Duan Hongyu, Li Feng, Shang Junliang, Liu Jinxing, Li Yan, Liu Xikui
School of Computer Science, Qufu Normal University, Rizhao, 276826, China.
Department of Electrical Engineering and Information Technology, Shandong University of Science and Technology, Jinan, 250031, Shandong, China.
Interdiscip Sci. 2022 Dec;14(4):917-928. doi: 10.1007/s12539-022-00536-w. Epub 2022 Aug 8.
A surge in research has occurred because of current developments in single-cell technologies. Above all, single-cell Assay for Transposase-Accessible Chromatin with high throughput sequencing (scATAC-seq) is a popular approach of analyzing chromatin accessibility differences at the level of single cell, either within or between groups. As a result, it is critical to examine cell heterogeneity at a previously unseen level and to identify both recognized and unknown cell types. However, with the ever-increasing number of cells engendered by technological development and the characteristics of the data, such as high noise, sparsity and dimension, challenges in distinguishing cell types have emerged. We propose scVAEBGM, which integrates a Variational Autoencoder (VAE) with a Bayesian Gaussian-mixture model (BGM) to process and analyze scATAC-seq data. This method combines and takes benefits of a Bayesian Gaussian mixture model to estimate the number of cell types without determining the cluster number in a beforehand. In other words, the size of the clusters is inferred from the data, thus avoiding biases introduced by subjective assessments when manually determining the size of the clusters. Additionally, the method is more robust to noise and can better represent single-cell data in lower dimensions. We also create a further clustering strategy. It is indicated by experiments that further clustering based on the already completed clustering can improve the clustering accuracy again. We test on six public datasets, and scVAEBGM outperforms various dimension reduction baselines. In downstream applications, scVAEBGM can reveal biological cell types.

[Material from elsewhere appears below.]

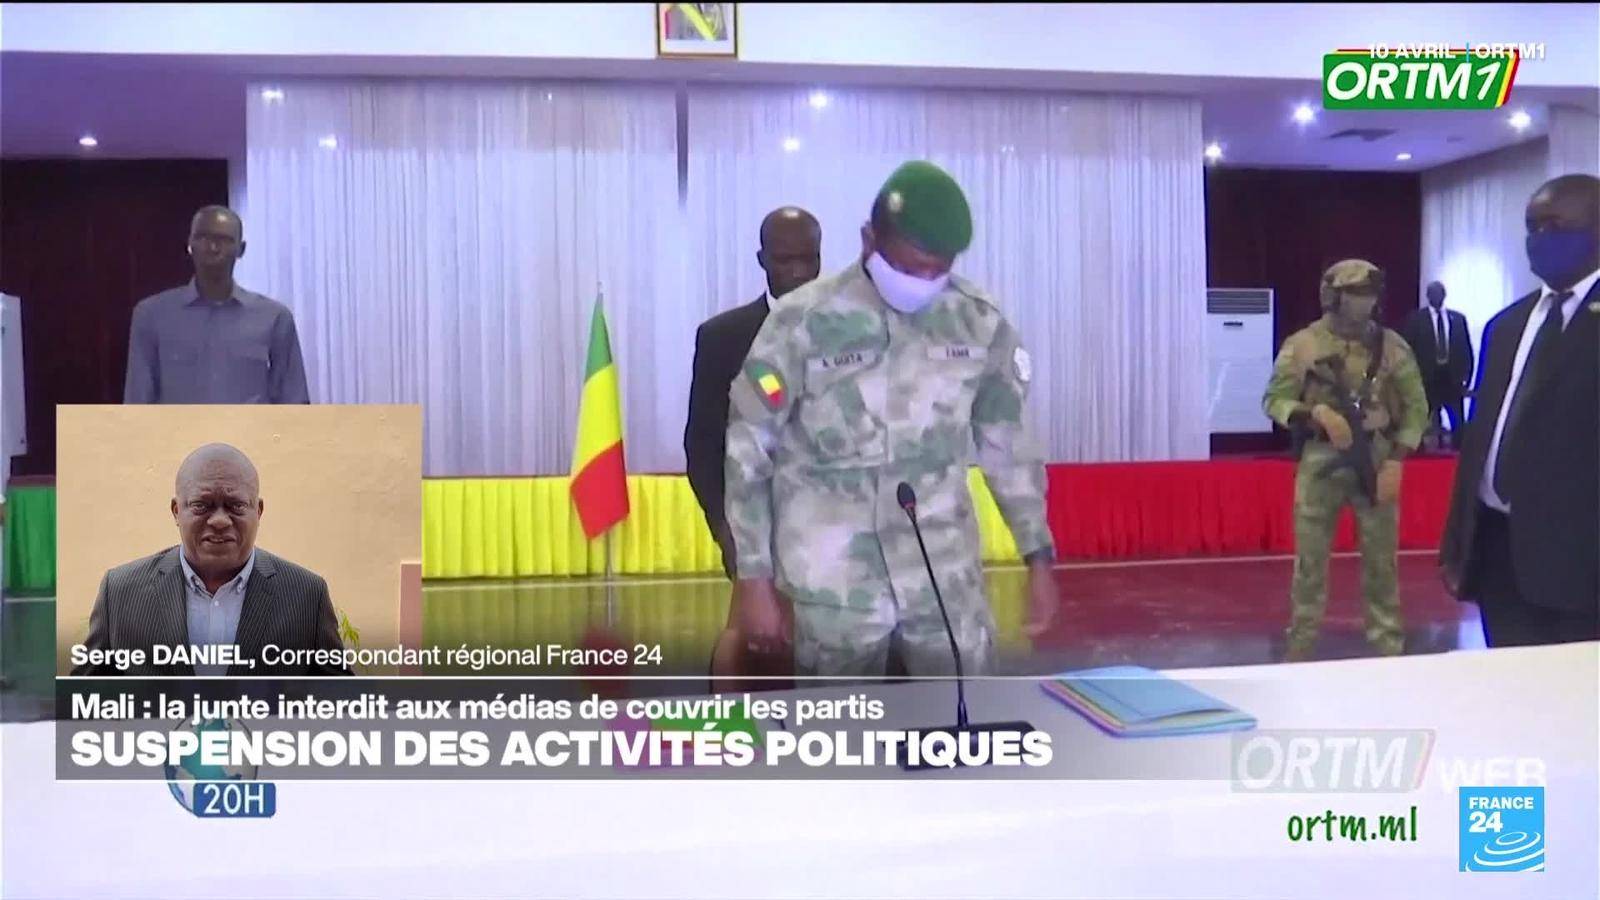 Mali : la junte interdit aux médias de couvrir les partis politiques

由于单细胞技术的当前发展,研究出现了激增。最重要的是,单细胞转座酶可及染色质高通量测序分析(scATAC-seq)是一种在单细胞水平分析组内或组间染色质可及性差异的常用方法。因此,在前所未有的水平上检查细胞异质性并识别已知和未知细胞类型至关重要。然而,随着技术发展产生的细胞数量不断增加以及数据的高噪声、稀疏性和高维性等特征,区分细胞类型面临挑战。我们提出了scVAEBGM,它将变分自编码器(VAE)与贝叶斯高斯混合模型(BGM)集成,用于处理和分析scATAC-seq数据。该方法结合并利用贝叶斯高斯混合模型来估计细胞类型的数量,而无需事先确定聚类数量。换句话说,聚类大小是从数据中推断出来的,从而避免了手动确定聚类大小时主观评估引入的偏差。此外,该方法对噪声更具鲁棒性,并且能够在低维度下更好地表示单细胞数据。我们还创建了一种进一步的聚类策略。实验表明,基于已完成聚类的进一步聚类可以再次提高聚类准确性。我们在六个公共数据集上进行了测试,scVAEBGM优于各种降维基线。在下游应用中,scVAEBGM可以揭示生物细胞类型。